Following my Dad’s death in 2017, I found a stack of letters which had written home – between 1942 when he was 20 and enlisted in the RAF to 1947 when he was finally de-mobbed aged 25. By this time he had been sent to India and Ceylon (now Sri Lanka) and was working as a Wireless Mechanic on planes which were supply dropping to the troops in Burma.
I have in excess of 100 letters, in which he mostly talks of day to day life during his training in the UK – around Scotland and England, and his time in India and Ceylon. One one occasion whilst stationed in Great Yarmouth he was involved with helping with moving people from wreckage after a residential area was bombed, and in other letters he mentions the journey through the Suez Canal on his way to West Africa before moving onto India and Ceylon.
He talks of the difficult climate abroad, how he occupied himself with music and about hoping to be home soon.
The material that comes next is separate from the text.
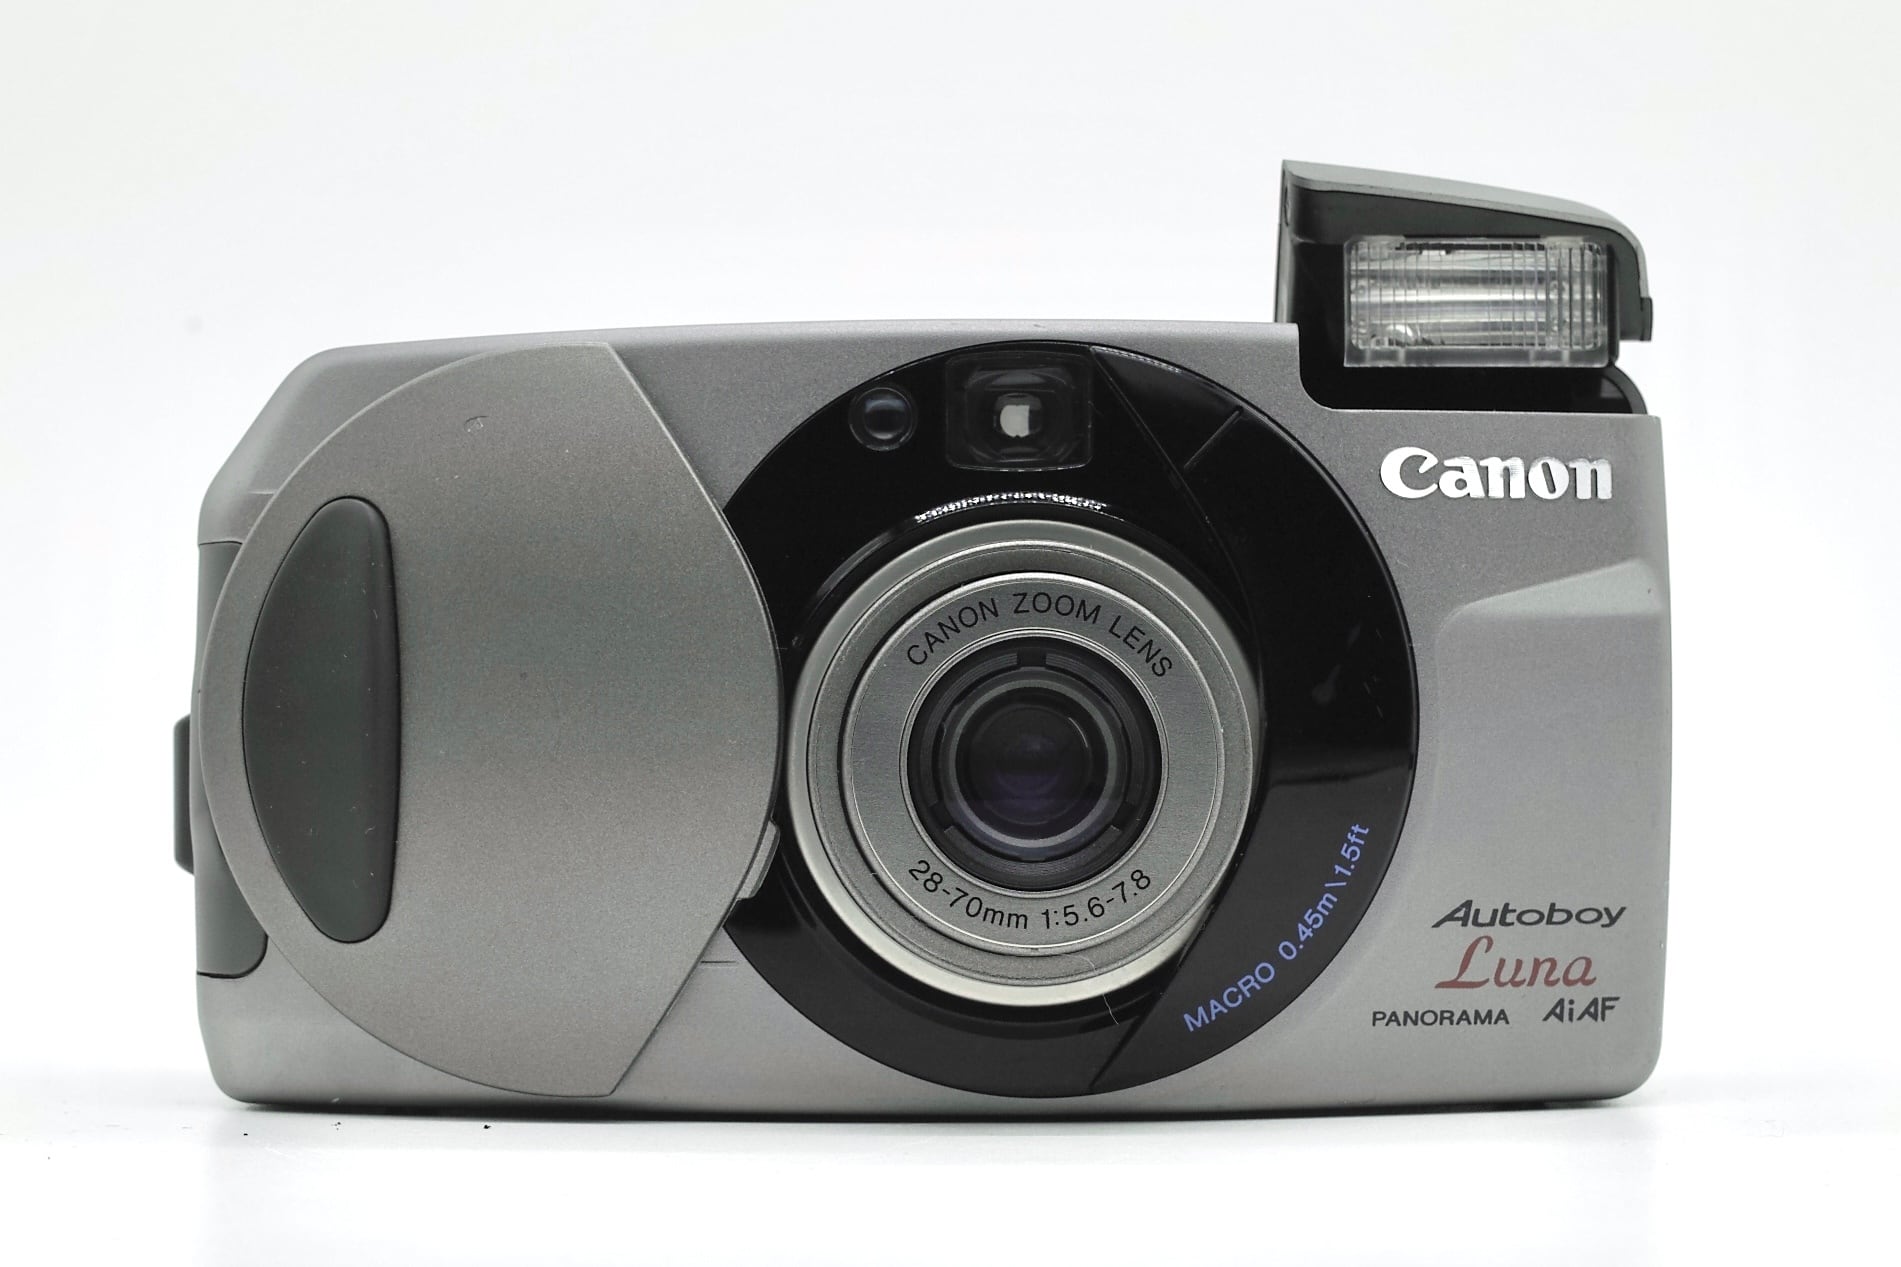 Canon Autoboy Luna | ヨアケマエカメラ
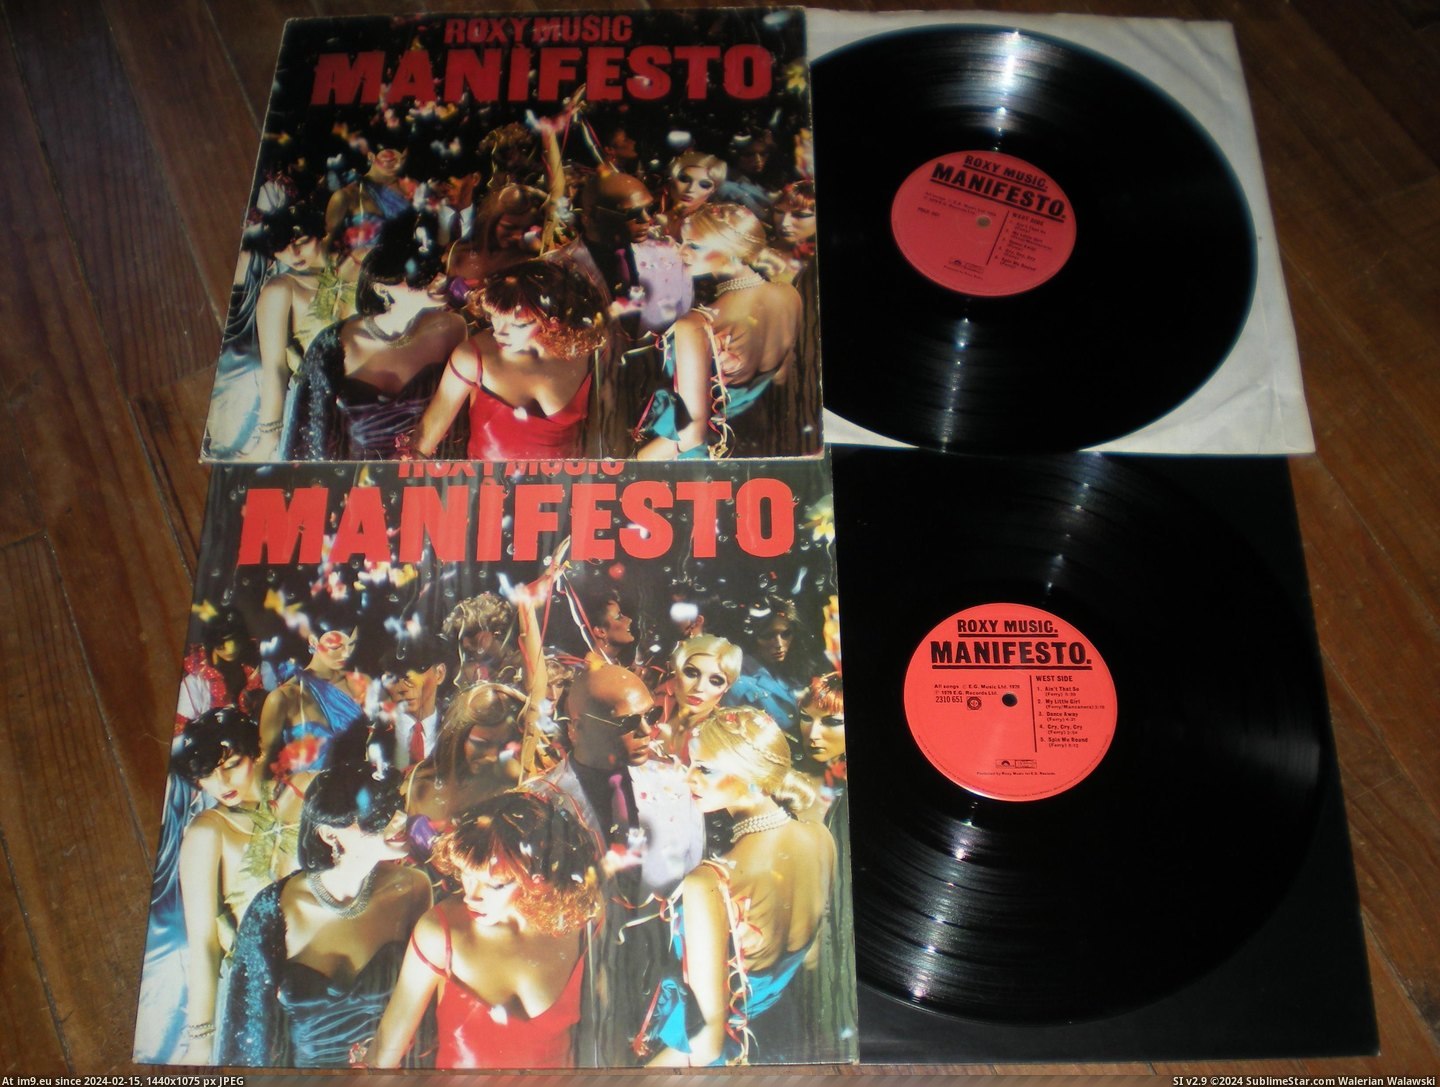  #Manifesto  Manifesto 1 Pic. (Изображение из альбом new 1))

All the letters are signed off – ‘your loving son Gilbert’. Whilst there was not much he could share about their work and there are afew places in letters where certain detail was removed due to censoring, he did tell me of some of the detail and the letters serve as a record of time spent away from home during this period and lovely momento now he is no longer here. I’m attaching a letter written on VE day, the day after his birthday. He passed away on 15th August (2017), this date in 1945 now known as VJ day, which was when the war in South East Asia he was a part of, finally marked the end of WW2.